All of the filters mentioned above are “estimation filters” (EF). When talking about estimation filters, one can quickly get mired in alphabet soup.
A Kalman Filter (KF) is a linear quadratic estimation algorithm that operates recursively on noisy data and produces an estimate of a system’s current state that is statistically more precise than what a single measurement could produce.
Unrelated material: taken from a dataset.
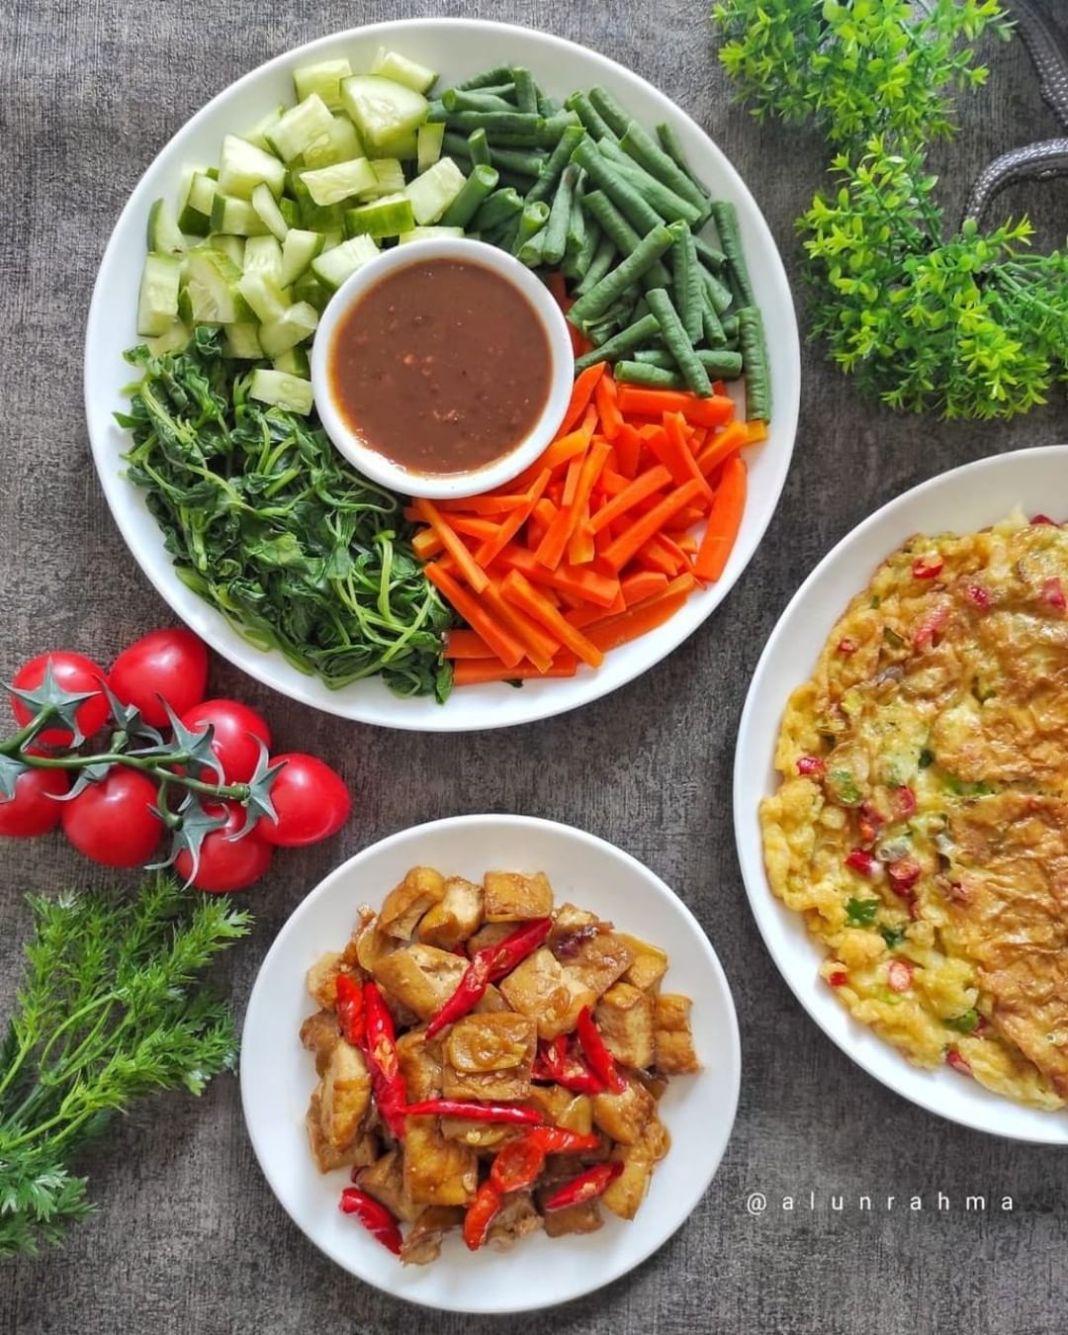 Info kuliner, sayurnya kita masak pecel sayur, bumbunya dibawain mertua dari magelang, untuk resepnya dapat ce…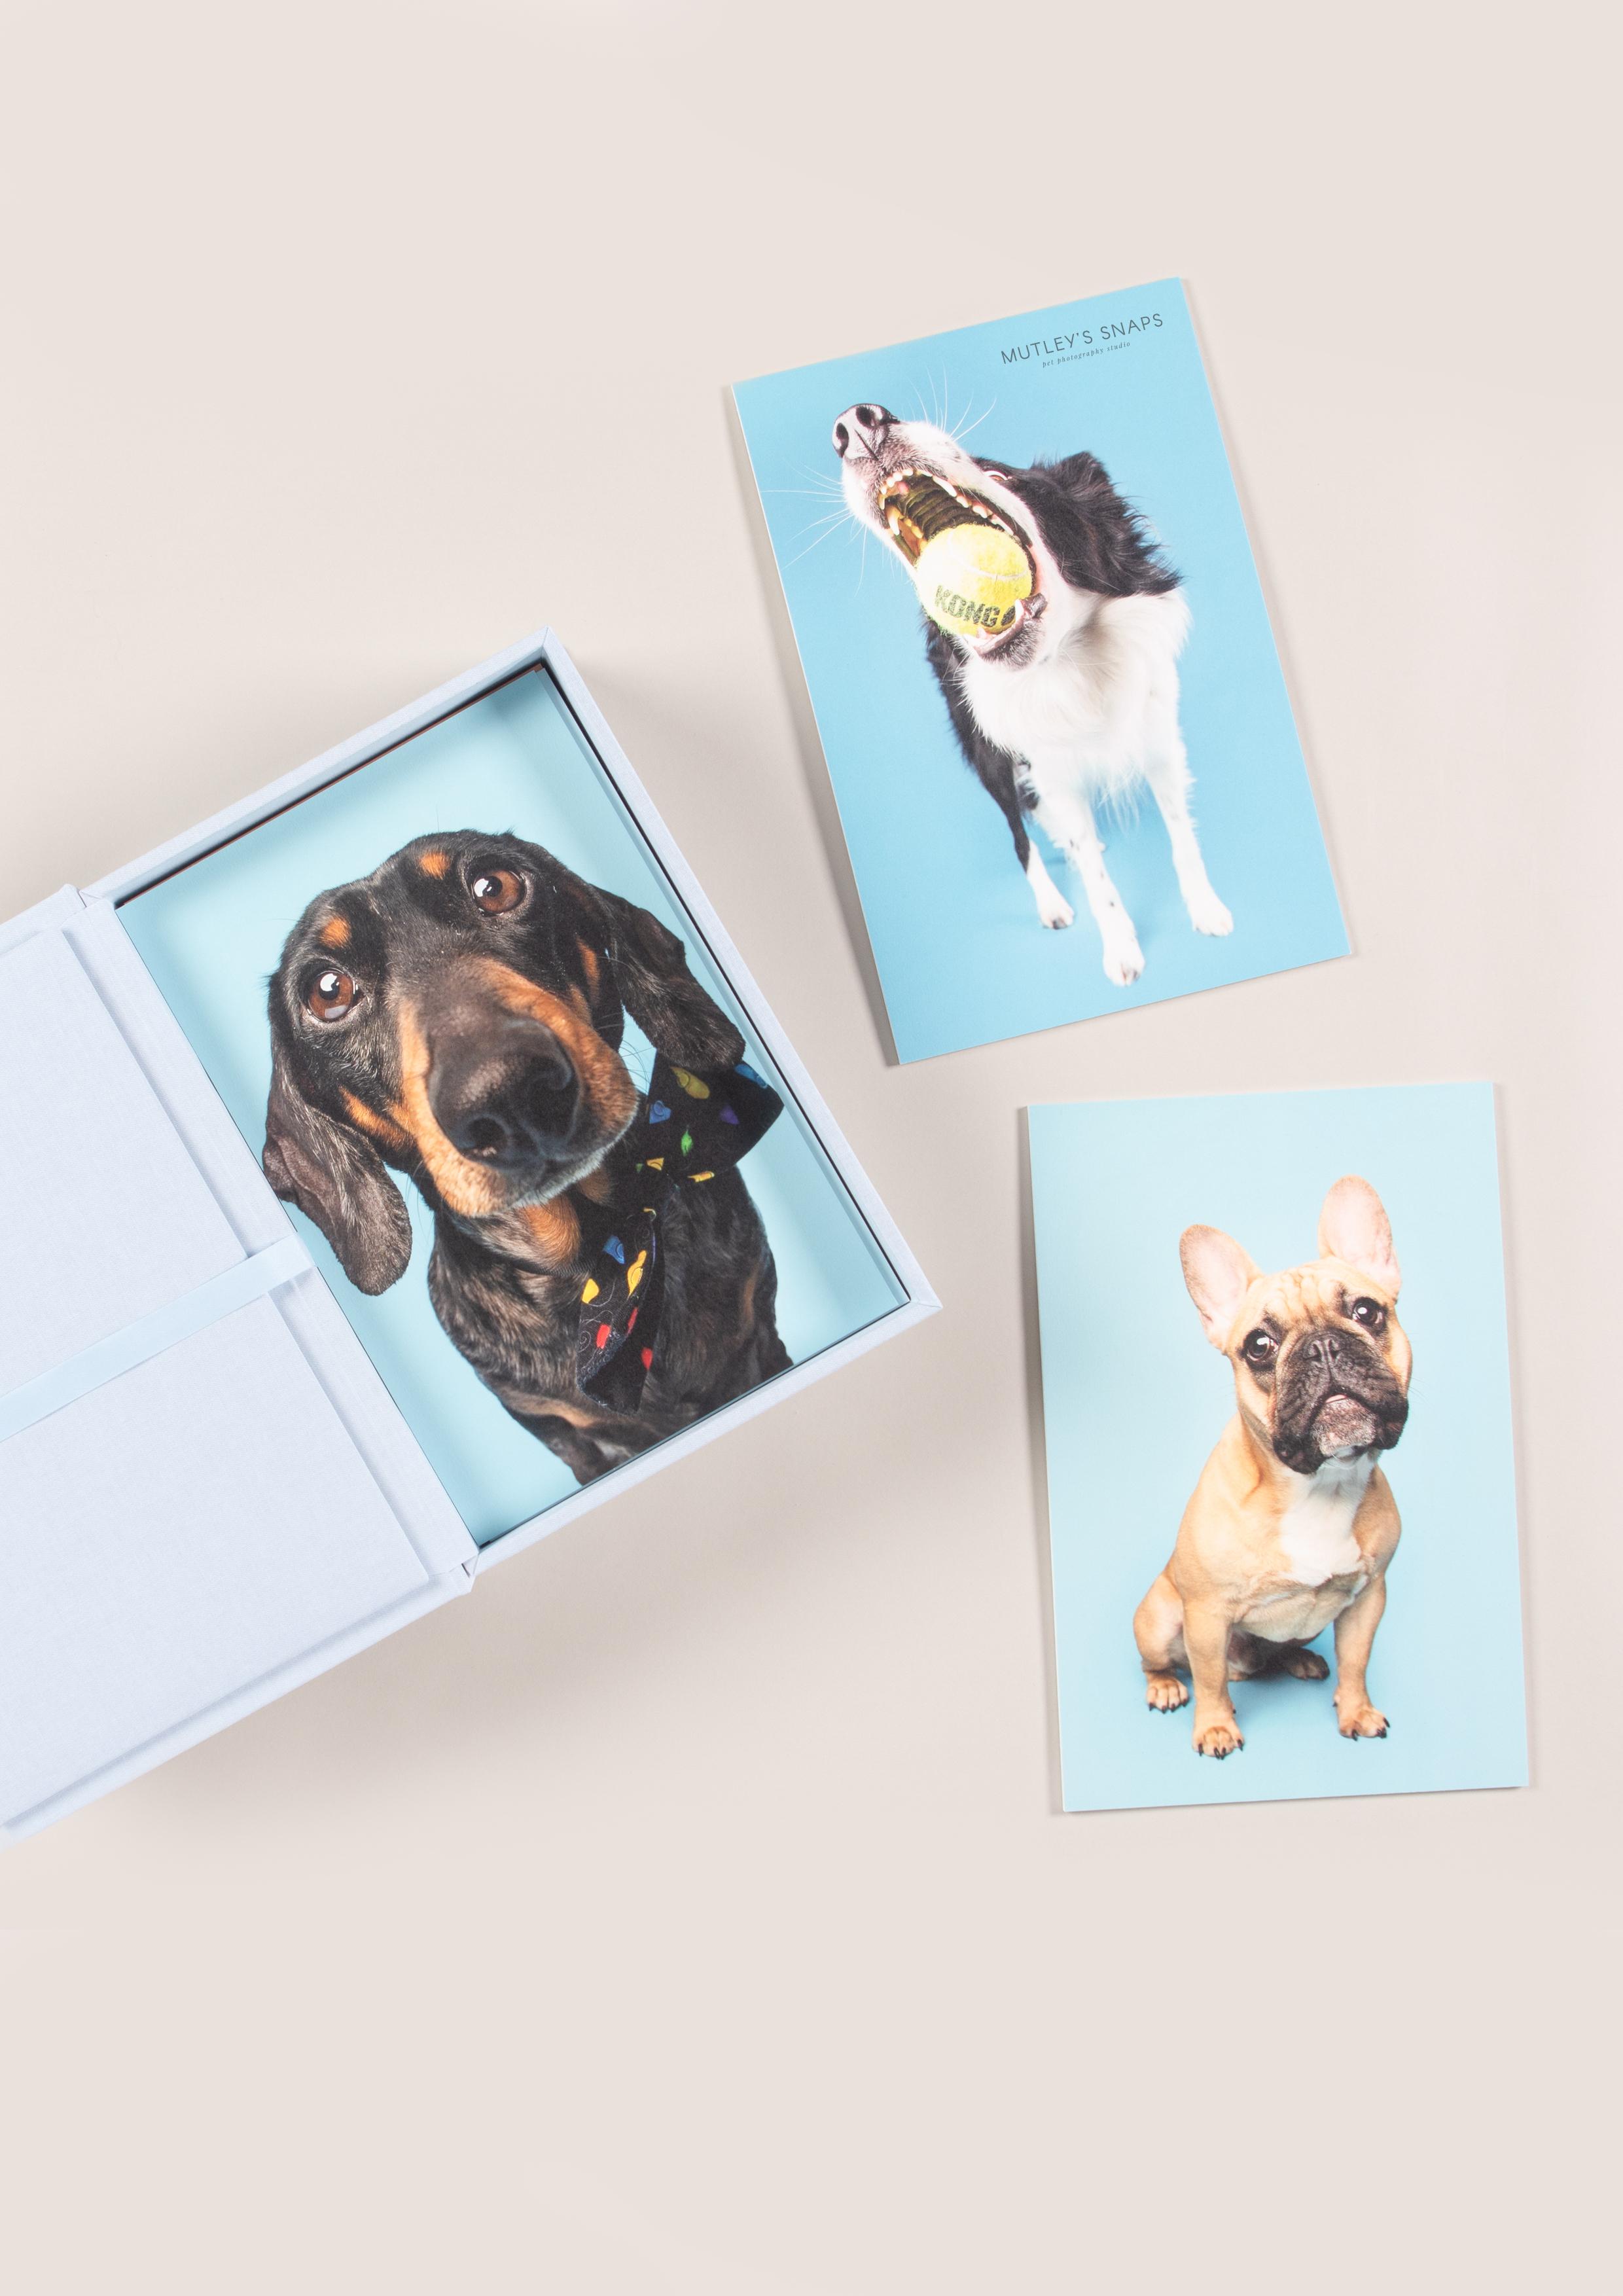 animal portraits in professional prints

An Extended Kalman Filter (EKF) is used generically to describe any estimation filter based on the Kalman Filter model that can handle non-linear elements. Almost all inertial estimation filters are fundamentally EKFs.
An Adaptive Kalman Filter (AKF), technically speaking, is also an EKF but it contains a high dependency on “adaptive” elements. “Adaptive” technology refers to the ability of a filter to selectively trust a given measurement more or less based on a “trust” threshold when compared to another measurement that is used as a reference. The 3DM GX4-25 and -15 rely on adaptive control elements to improve their estimations and hence we refer to the estimation filter used in those devices as an “AKF”. Technically speaking it is an “EKF with heavy reliance on adaptive elements” or possibly an “Adaptive Extended Kalman Filter”. We just call it an AKF.
An Auto-Adaptive Extended Kalman Filter (AA EKF) is an adaptive EKF that, like the AKF described above, has “adaptive” elements that selectively trust given measurements more or less based on comparison to reference inputs. The difference with the auto-adaptive filter is that the “trust” thresholds are automatically determined by the filter itself. The filter collects error metrics on all the measurements and uses this to determine appropriate trust thresholds. This feature makes tuning a Kalman Filter for optimum performance much easier than manually determining these thresholds. The GX5/CX5/CV5 series introduces the Auto-Adaptive feature whereas the GX4 series has fixed adaptive thresholds.
A Complementary Filter (CF) is commonly used as a term for an algorithm that combines the readings from multiple sensors to produce a solution. These filters usually contain simple filtering elements to smooth out the effects of sensor over-ranging or anomalies in the magnetic field.